New communities are made as a direct discussion in a com or instance so people already know where to go as soon as its made.

And then some are made as alternatives to others due to conflicts so there's a side that stays and a side that leaves to the new com immediately.

[–] Naich@lemmings.world 12 points 23 hours ago

New communities show up on the front page of the web site, so there is instant exposure as soon as it is created. I set up a community about seagulls, and it's got 147 subscribers, despite only having about 6 posts. Lemmy is still small though that you can be a big fish in a little pond.
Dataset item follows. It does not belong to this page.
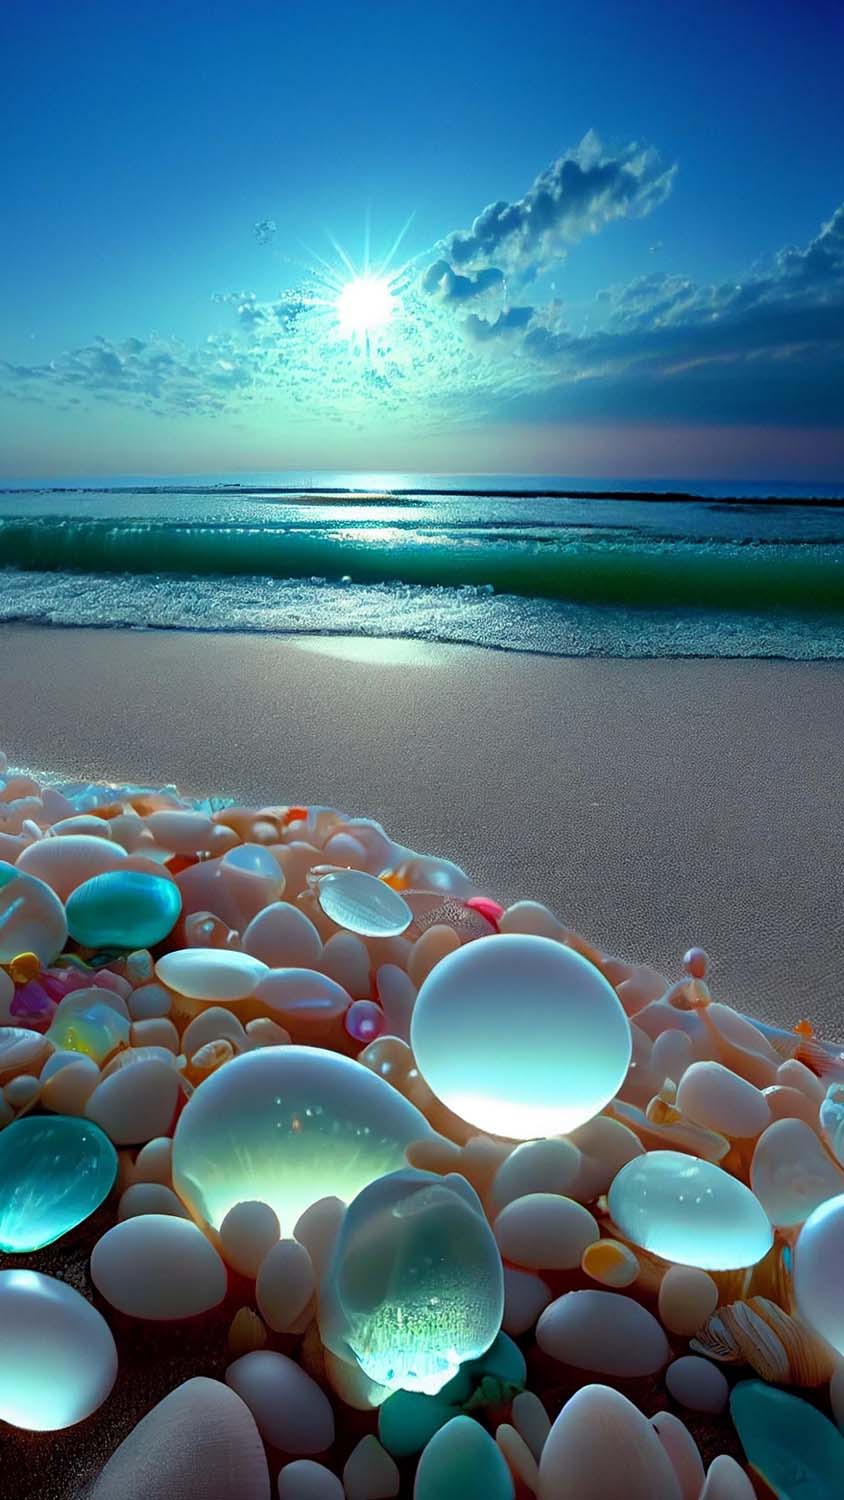 Transparent Stones Of Beach IPhone Wallpaper HD - IPhone ...
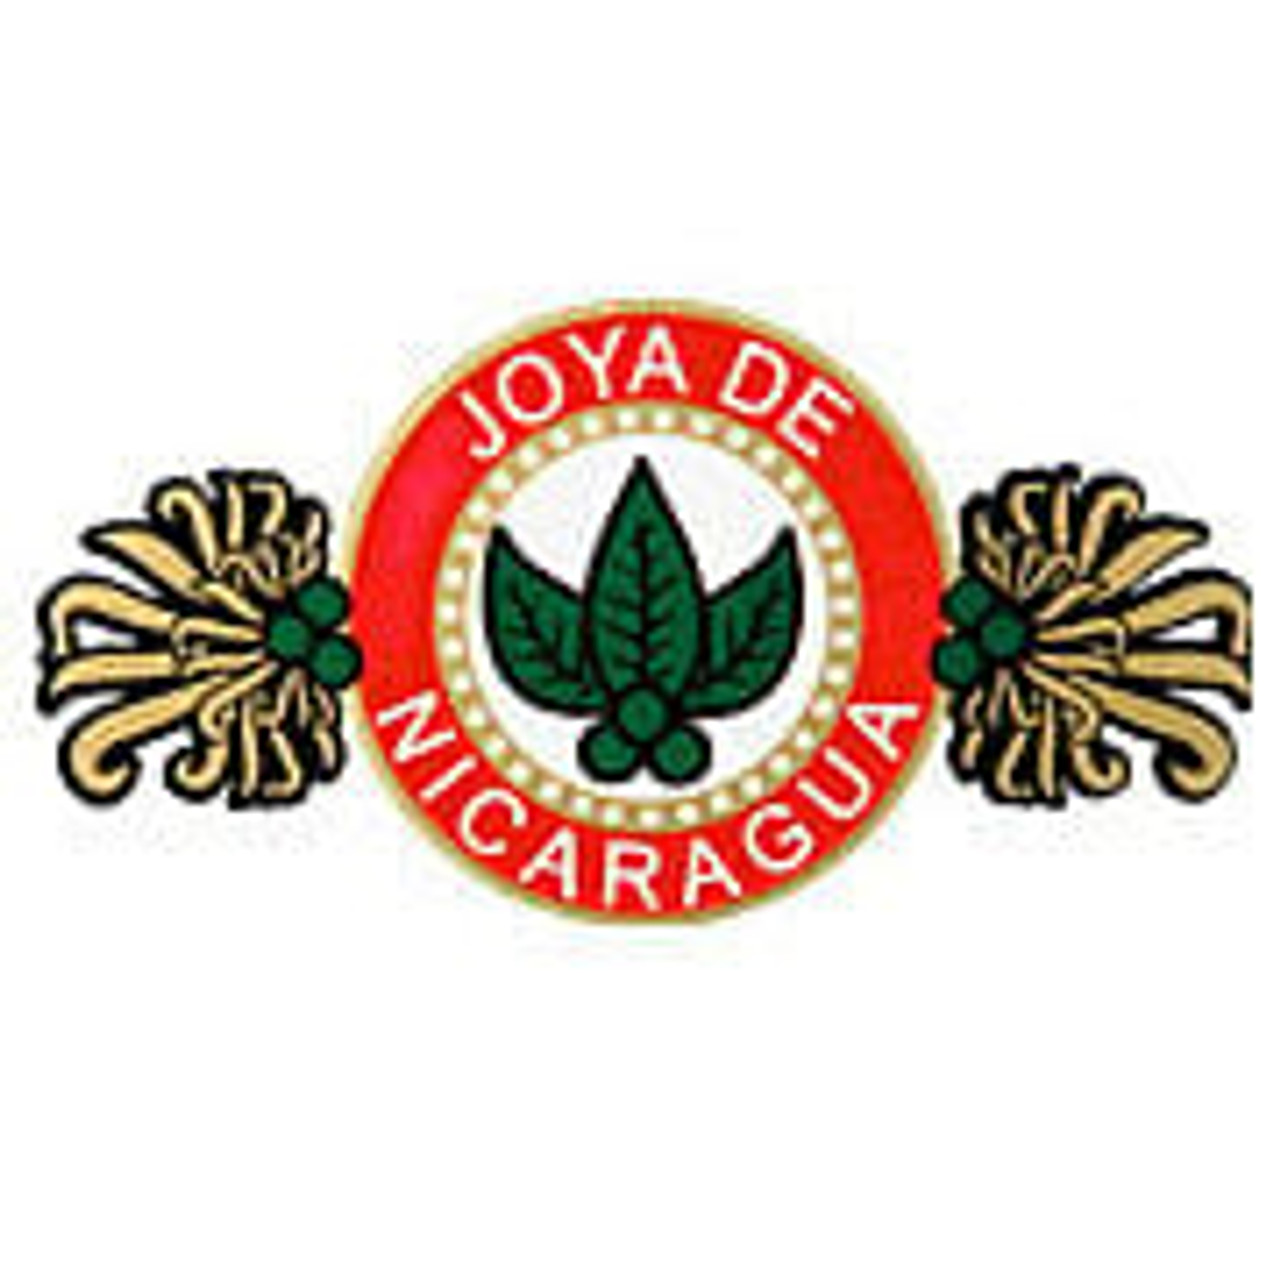 Joya de Nicaragua Logo

[–] Inkstainthebat@pawb.social 11 points 23 hours ago (1 children)

I'd say bots but I've been told bots aren't that widespread on Lemmy. Could be wrong though, I don't know

[–] CraigCabbage@sh.itjust.works 9 points 23 hours ago (1 children)

That feels like the only explanation, especially for a community such as Homophobia when I’ve hardly ever encountered homophobic people. They were either trolls or banned almost immediately

[–] Naich@lemmings.world 10 points 23 hours ago (1 children)

It's not necessarily pro homophobia. If it is, people might join in order to report hateful content when it appears.

[–] Squorlple@lemmy.world 12 points 23 hours ago

Adding on to that, some communities with bigoted concepts in their name will be intentionally hijacked by anti-bigots to eliminate that community as an easy platform for bigots

[–] lordnikon@lemmy.world 4 points 23 hours ago

Person creates community for an agenda purpose. Creates a bunch of accounts or has a following on another platform to create accounts for the purpose of making the community more active than it really is. To reinforce said agenda. Thank goodness we have the ability to block and mods can shadow ban.

[–] HubertManne@piefed.social 2 points 22 hours ago

Im not 100% on this but if it is in a piefed topic then I think anyone subscribed to the topic should be subscribed to the community.